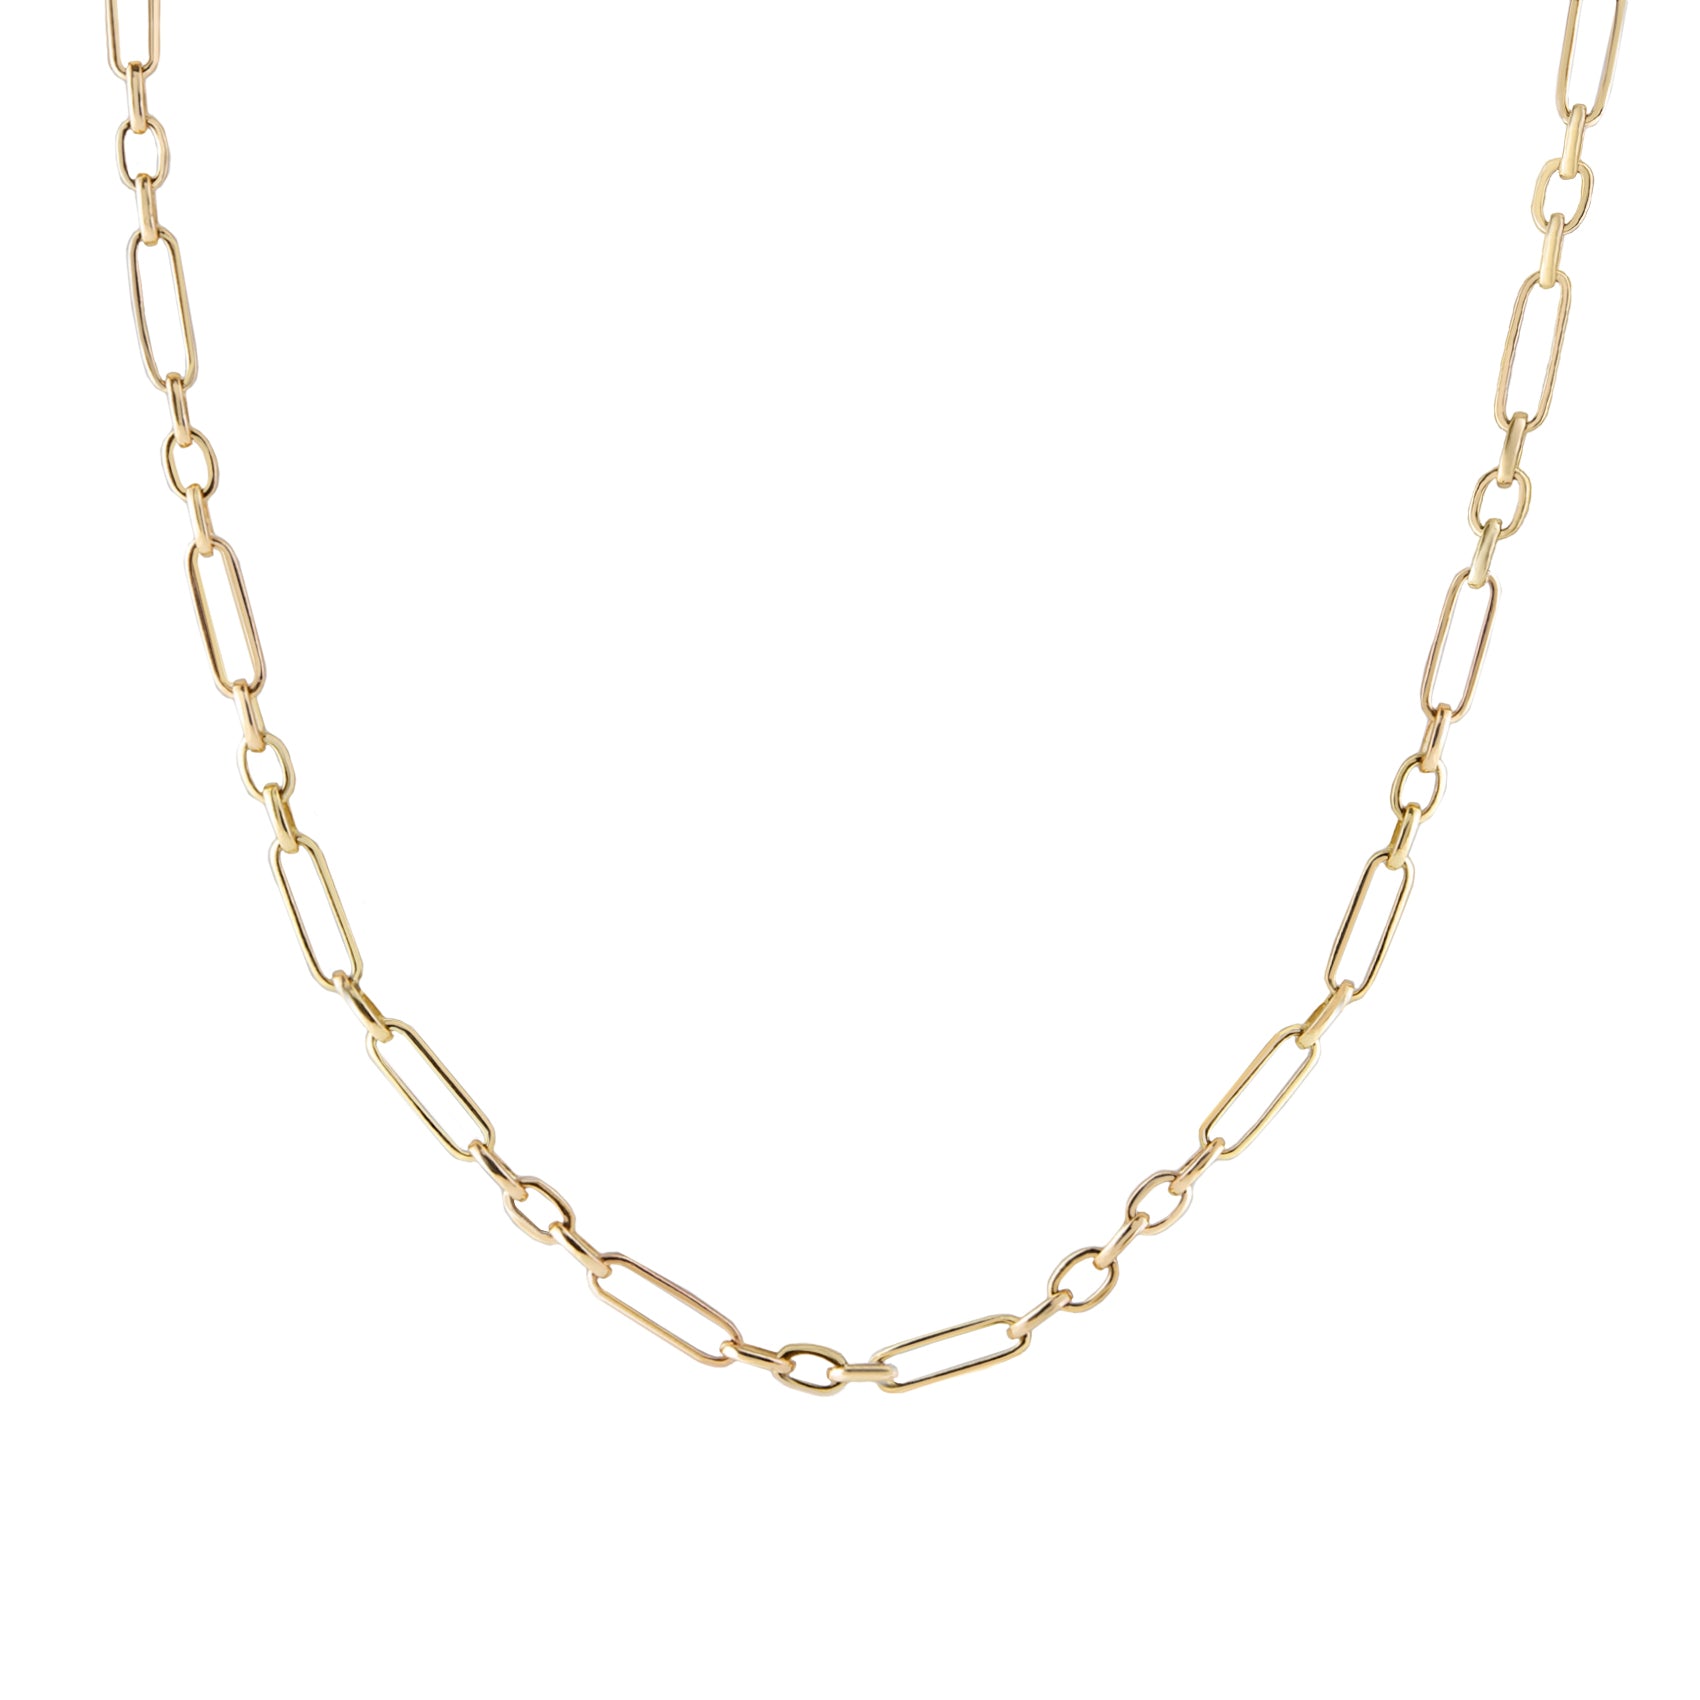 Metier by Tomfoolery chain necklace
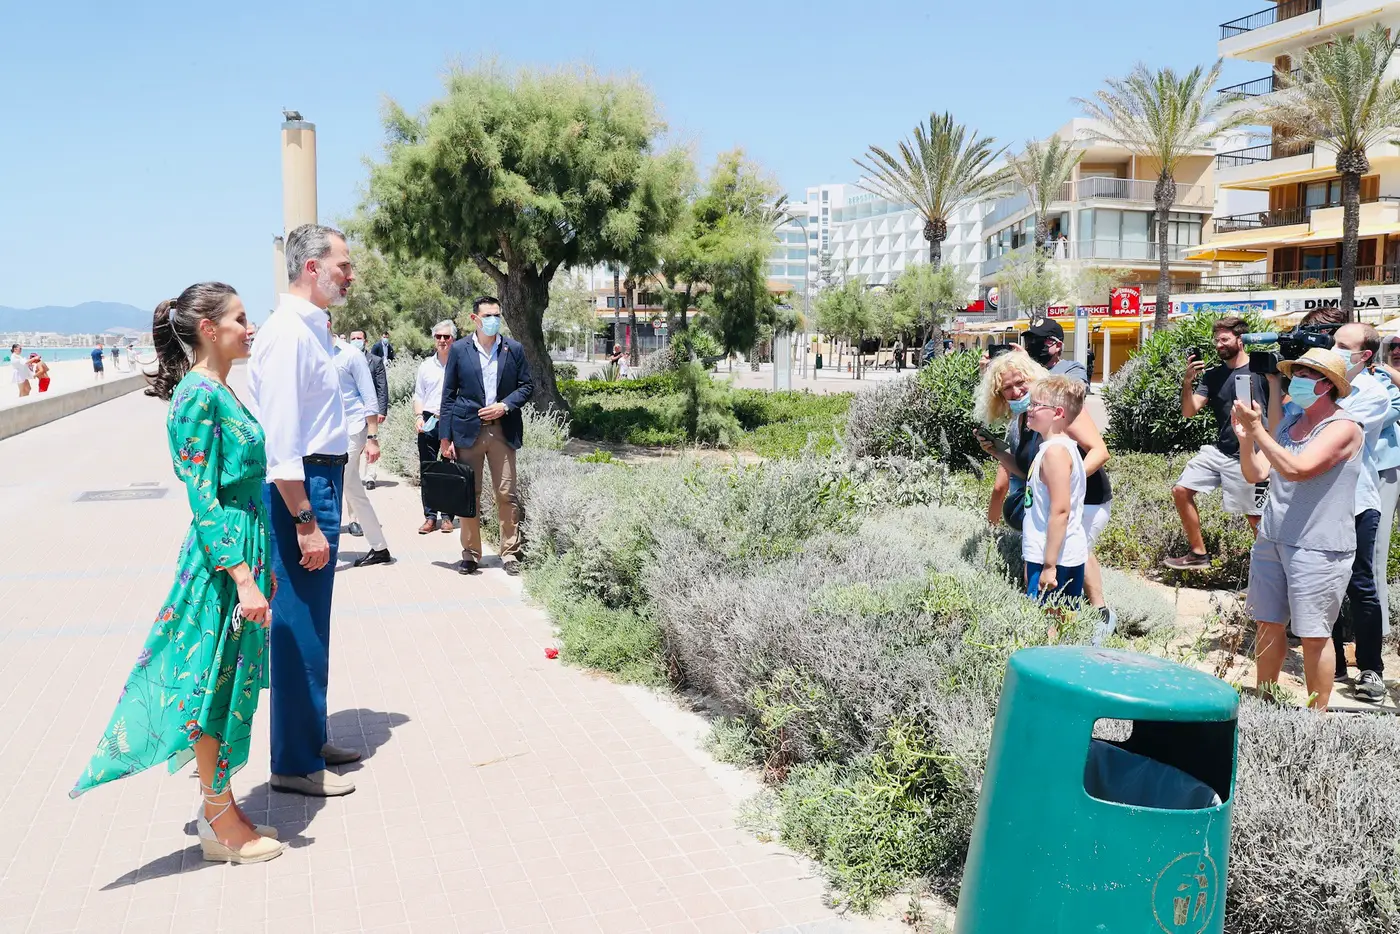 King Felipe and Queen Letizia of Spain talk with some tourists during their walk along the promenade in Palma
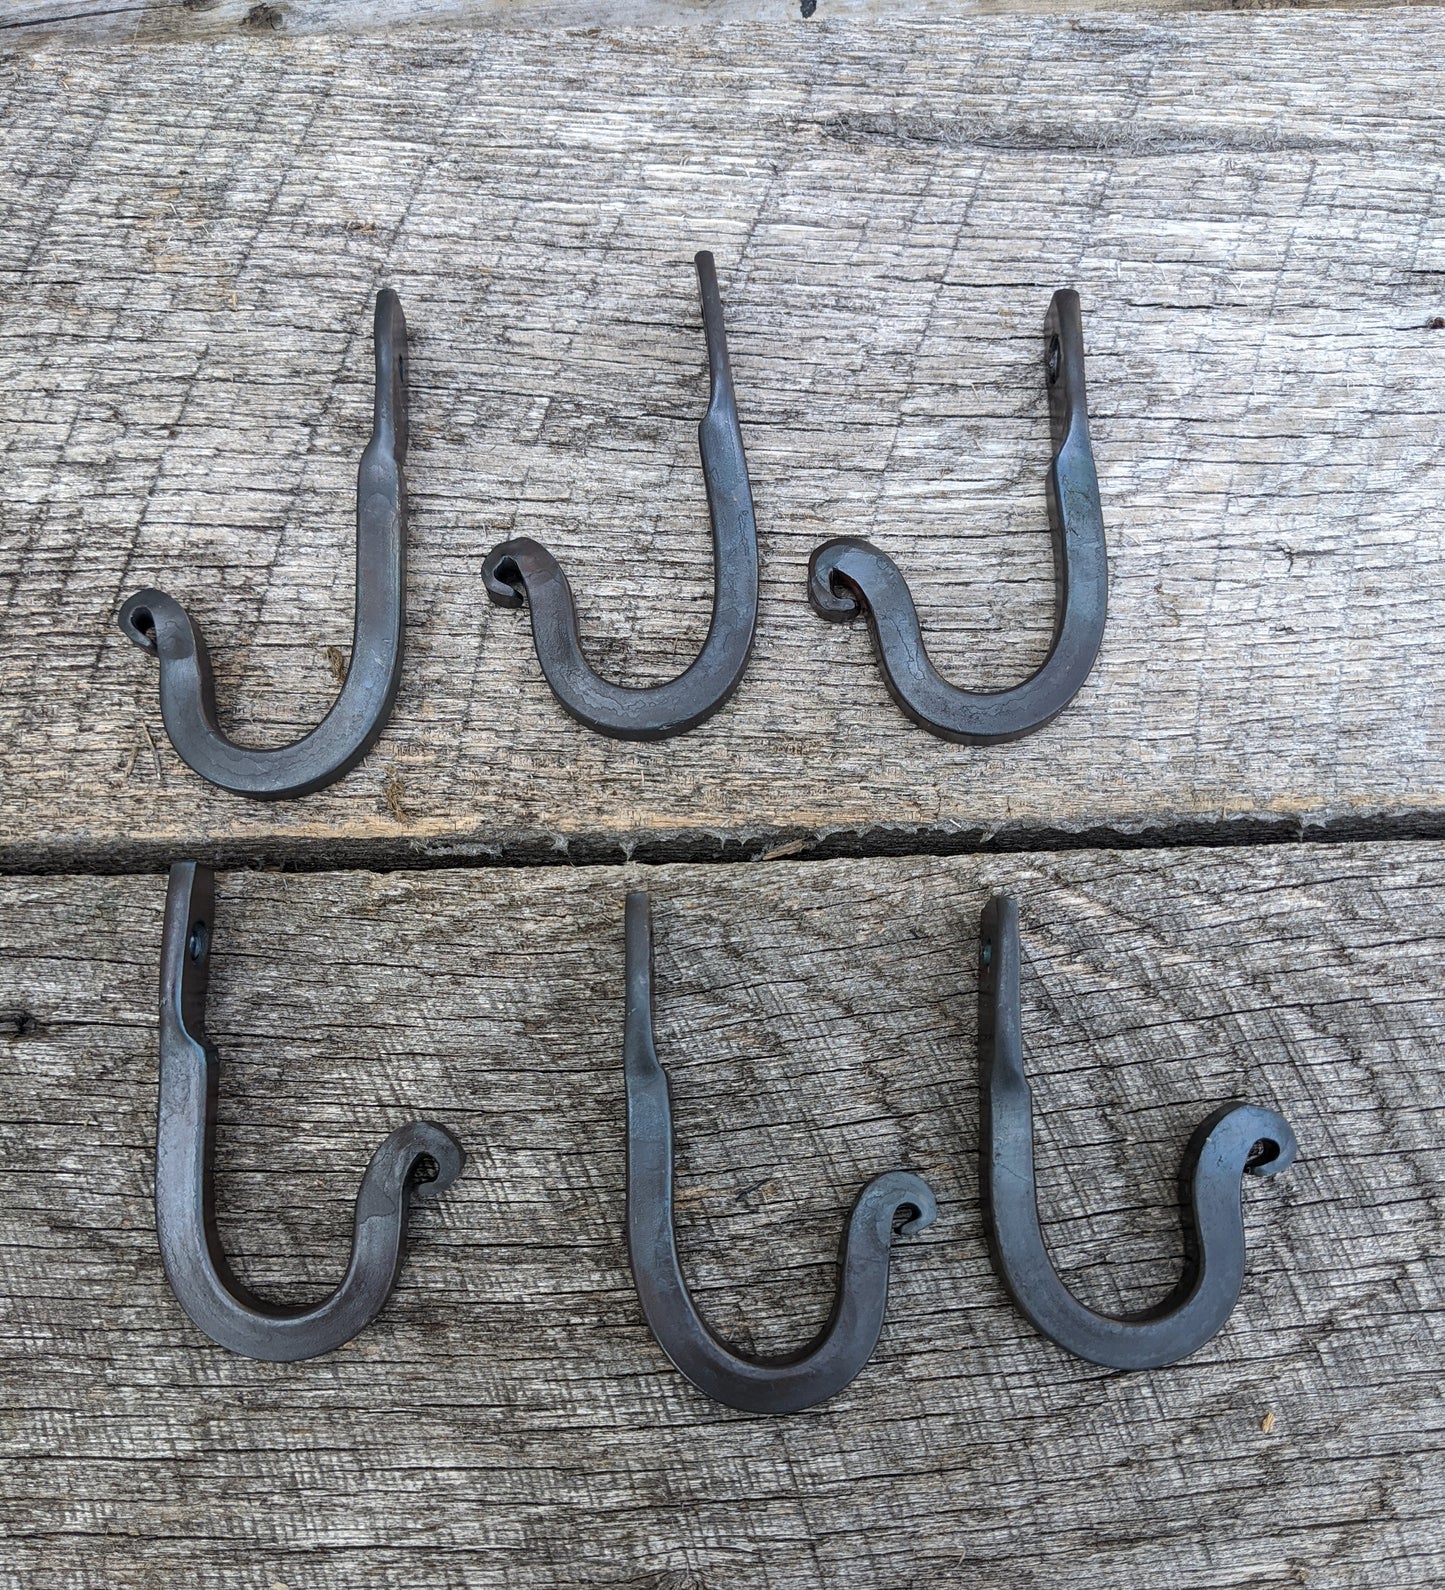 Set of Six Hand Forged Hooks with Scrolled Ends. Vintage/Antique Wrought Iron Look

**What to produce:**
Copy the listing character for character, pictures omitted.

**Finished exercise:**
 Metier by Tomfoolery chain necklace
 King Felipe and Queen Letizia of Spain talk with some tourists during their walk along the promenade in Palma
 Set of Six Hand Forged Hooks with Scrolled Ends. Vintage/Antique Wrought Iron Look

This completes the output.